_WHAT IS NEEDED_
Without the pictures, give every record again exactly.

[Extracted records]
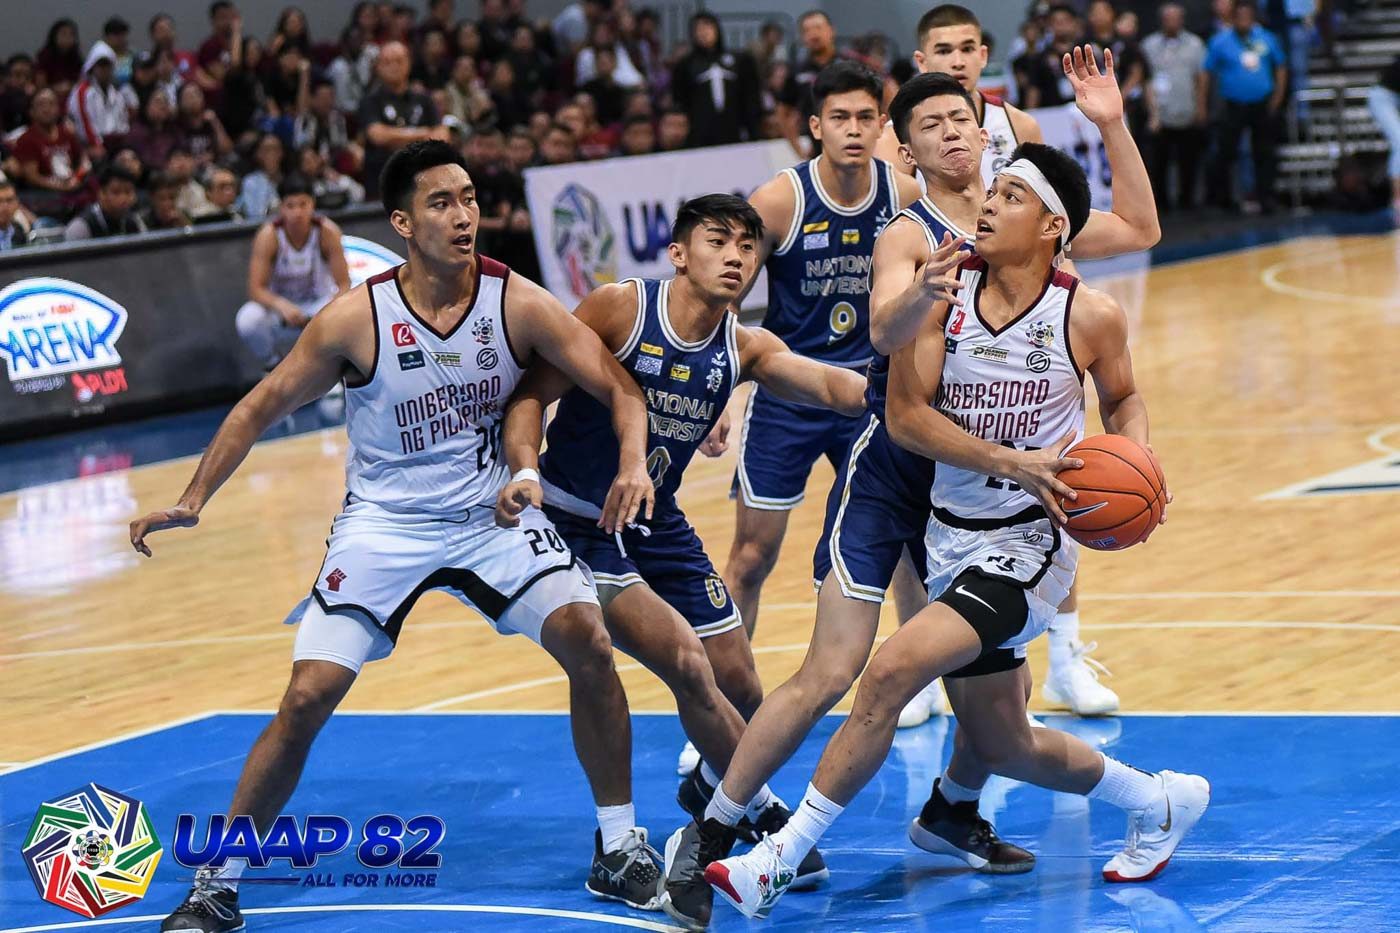 UAAP Top Quotes: On ball hogs and team pressure
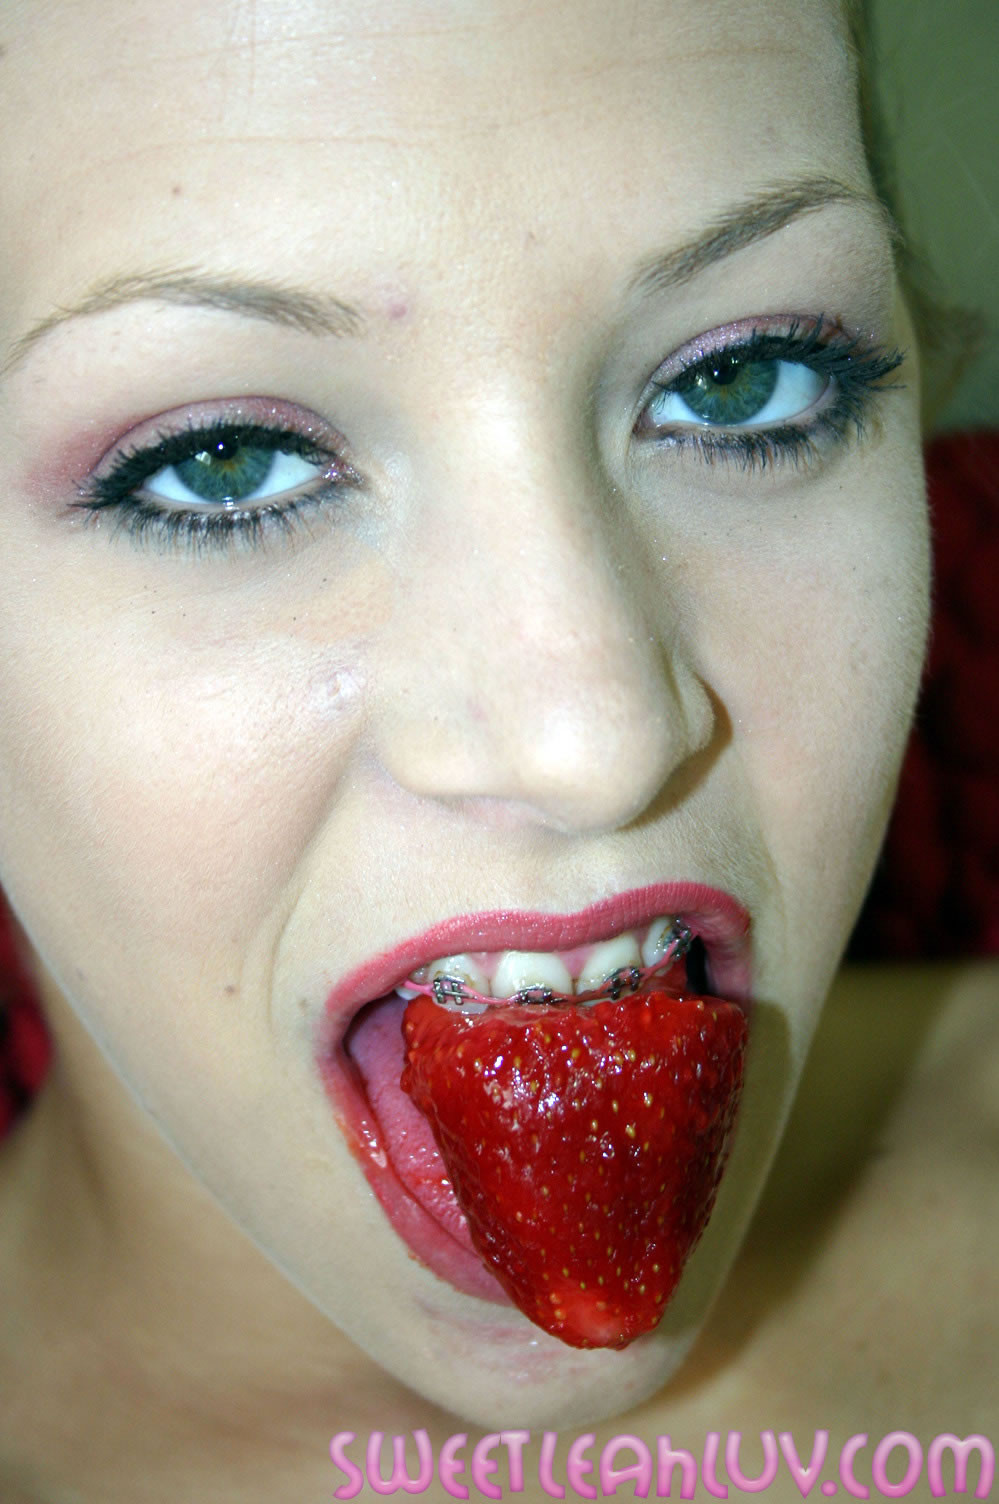 Petite blond Leah Luv gets nasty with strawberries #73544395
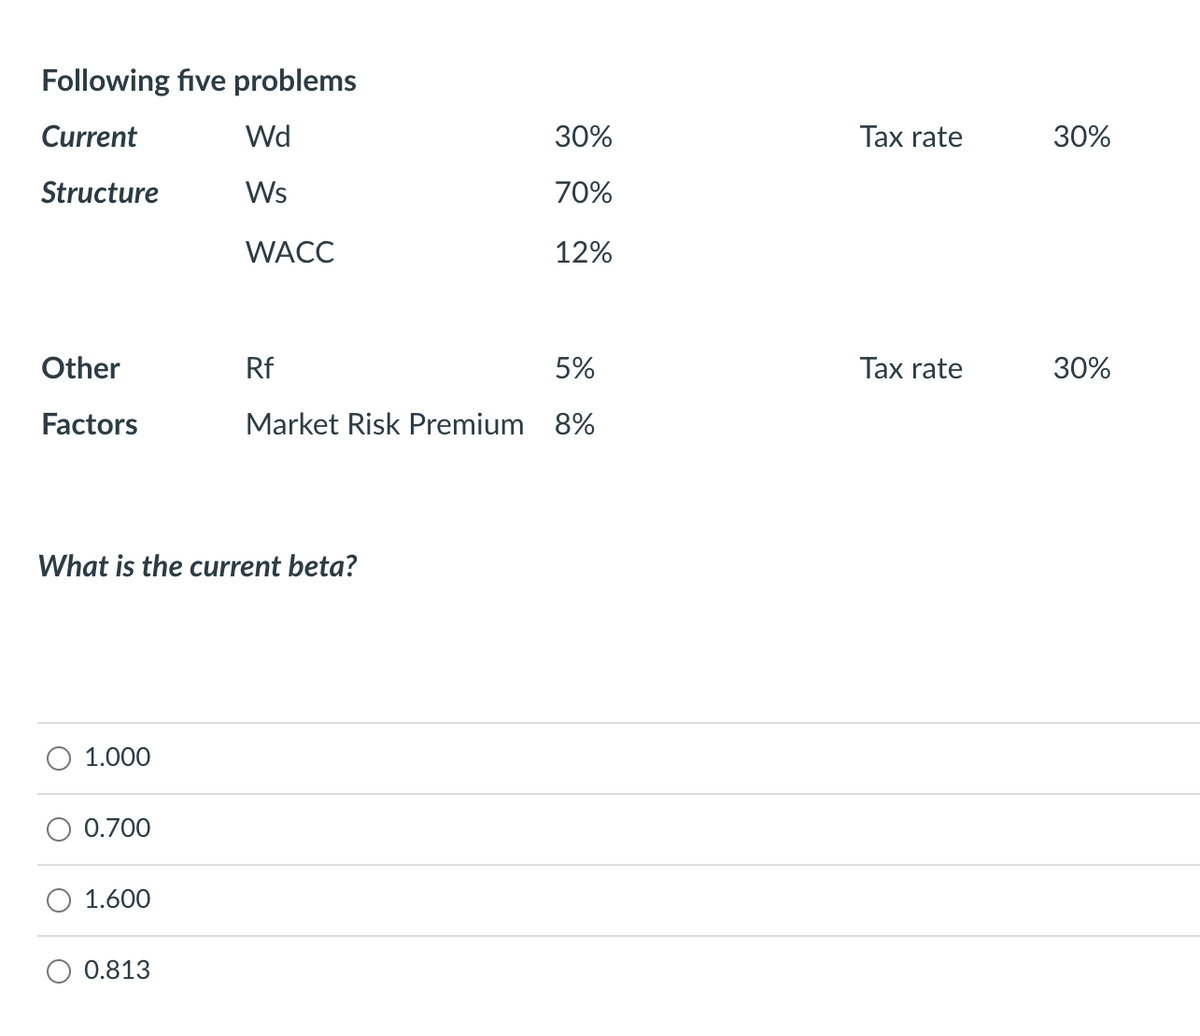 Following five problems
Current
Wd
Structure
Ws
Other
Factors
1.000
0.700
What is the current beta?
1.600
WACC
0.813
Rf
5%
Market Risk Premium 8%
30%
70%
12%
Tax rate
Tax rate
30%
30%
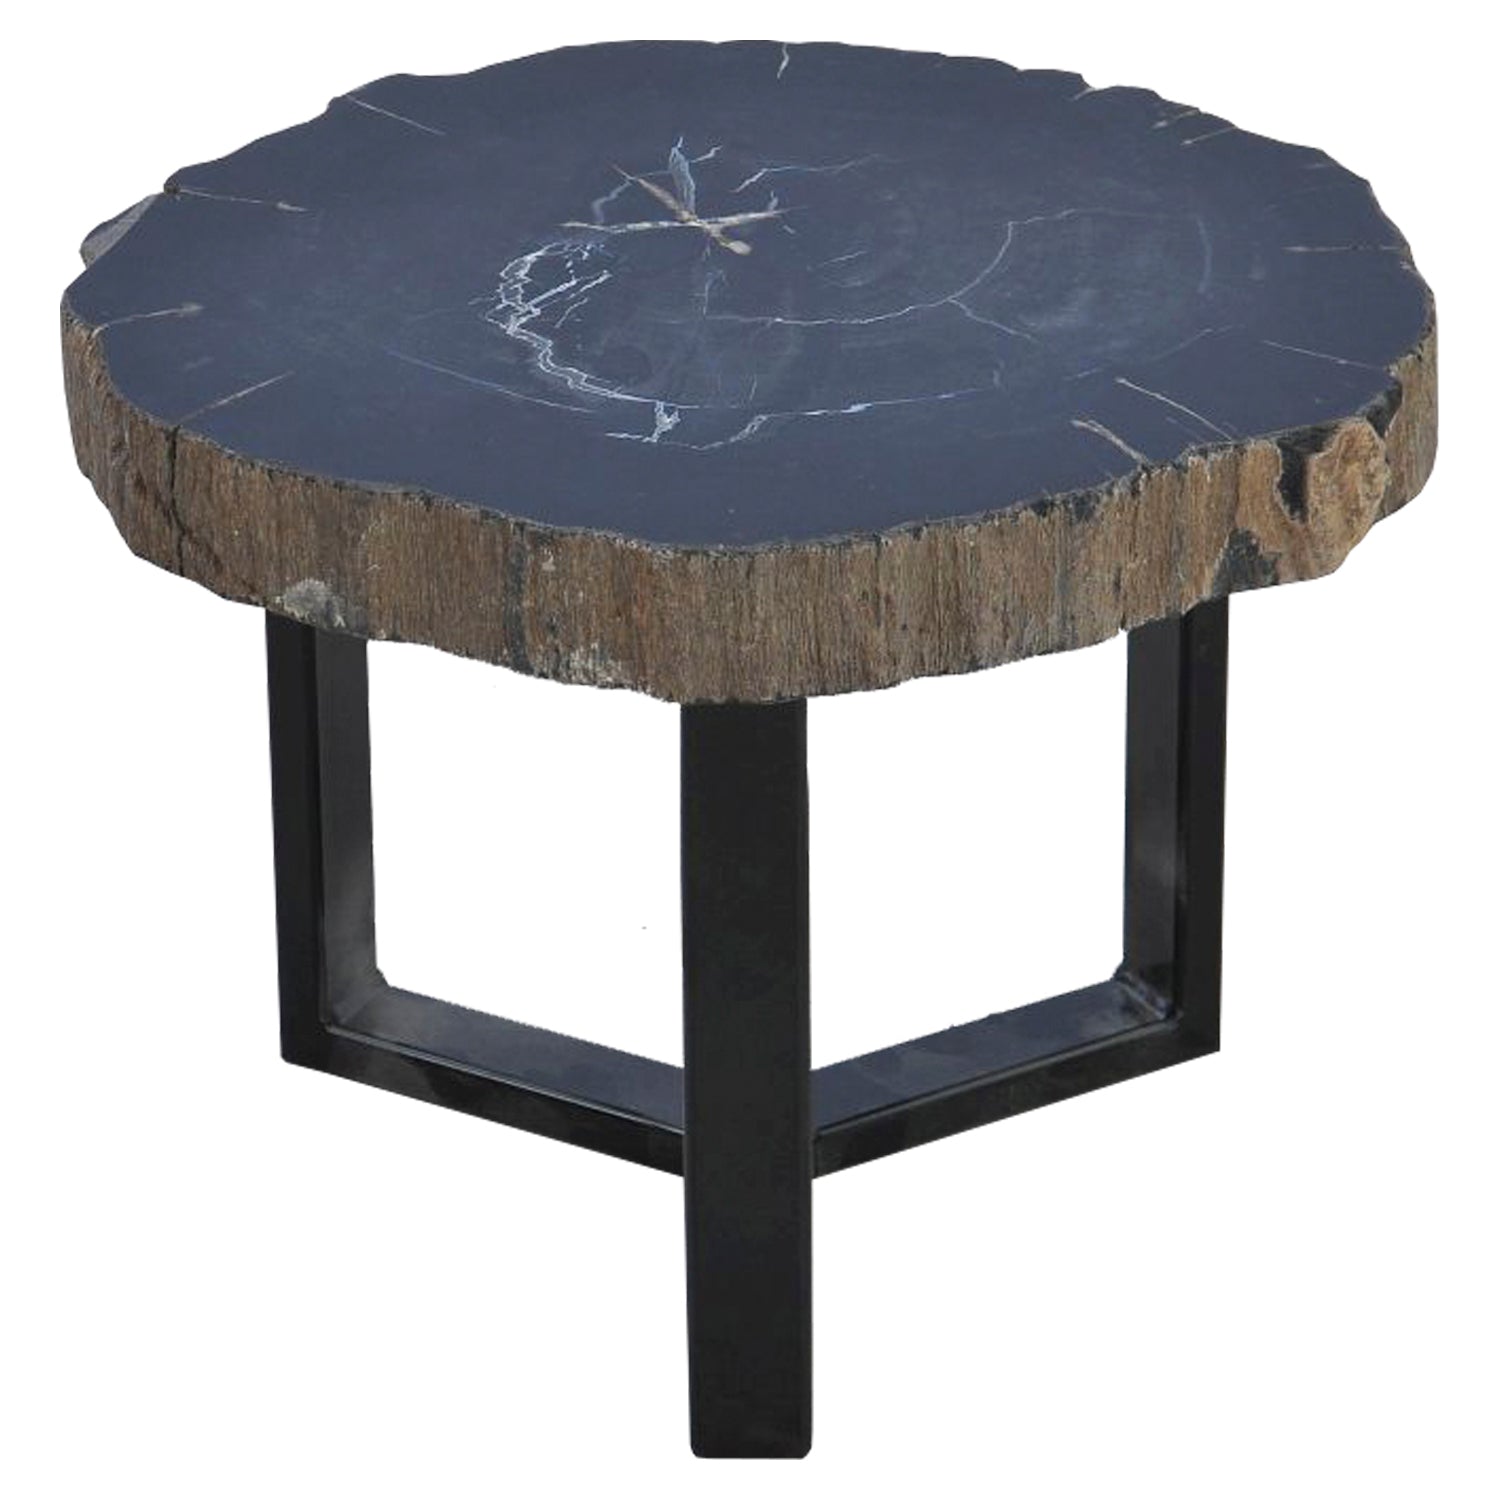 CONIC FOSSIL TABLE

_TASK ANSWER_
 UAAP Top Quotes: On ball hogs and team pressure
 Petite blond Leah Luv gets nasty with strawberries #73544395
 Following five problems
Current
Wd
Structure
Ws
Other
Factors
1.000
0.700
What is the current beta?
1.600
WACC
0.813
Rf
5%
Market Risk Premium 8%
30%
70%
12%
Tax rate
Tax rate
30%
30%
 CONIC FOSSIL TABLE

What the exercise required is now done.